When running the phase NMS algorithm with TorchScript (.jit) models, performance bottlenecks may occur; in such cases, it is recommended to use ONNX-based inference instead. A reference implementation is provided in picker.onnx.py, and picker.py can be configured to load and run a .onnx model directly.
For C users, .merge.onnx files combine the time and prob outputs into a single array: [ [time length, number of categories, -, -], [number of categories, noise probability, P-wave probability, S-wave probability], [sample points, noise probability, P-wave probability, S-wave probability], ... ] For example programs in C, contact yuziye@cea-igp.ac.cn.
All TorchScript pickers share the same interface via jit_picker_base.py::SlidingWindowPicker.

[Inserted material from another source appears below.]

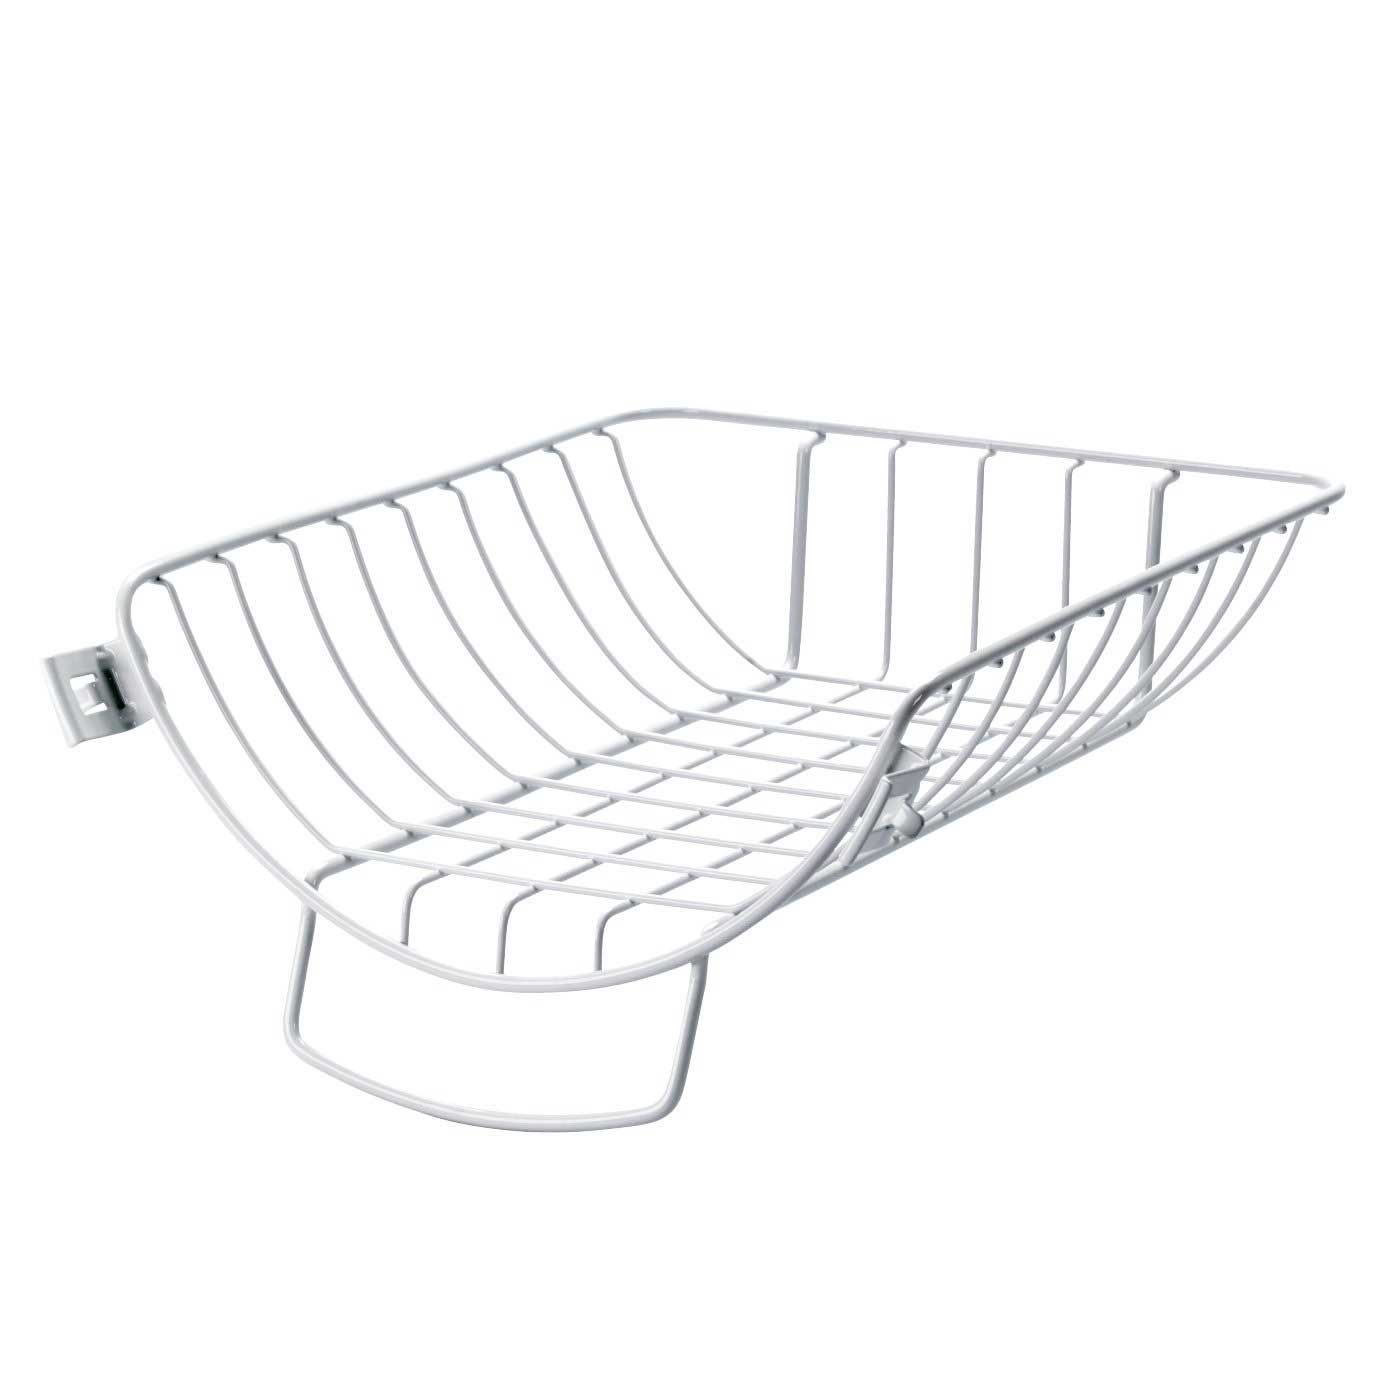 Miele TK111 tumble dryer basket

Each makejit.XXX.py file simply:
- Constructs the underlying network with self.model = UNet()/BRNN()/EQTransformer(), etc.
- Loads a checkpoint whose keys are prefixed with model. (legacy checkpoints are also accepted and will be auto-prefixed).
- Wraps the network with sliding-window preprocessing, softmax, and non-maximum suppression.
- Saves the scripted model into pickers/*.jit.
To rebuild the TorchScript files, run the corresponding script (for example python makejit.unet.py, python makejit.unetpp.py, python makejit.rnn.py, python makejit.pnsn.py, or python makejit.eqt.py). The output .jit files include post-processing, so they return [phase_type, relative_sample, confidence] directly when you call torch.jit.load. Key thresholds baked into the picker interface:
time_sel = torch.masked_select(ot, pc > 0.3) # confidence threshold
selidx = torch.masked_select(selidx, torch.abs(ref - ntime) > 1000) # NMS window (samples)- 0.3 is the default minimum confidence. Lower it to pick more candidates at the cost of extra false triggers.
- 1000 samples (10 seconds at 100 Hz) enforce a single pick per class within that window.
Reduce the window if multiple phases are expected in short succession.
All ONNX pickers share the OnnxSlidingWindowPicker interface defined in onnx_picker_base.py. To regenerate the exported ONNX files:
- Run the corresponding script (for example python makeonnx.unet.py, python makeonnx.unetpp.py, python makeonnx.rnn.py, python makeonnx.pnsn.py, or python makeonnx.eqt.py).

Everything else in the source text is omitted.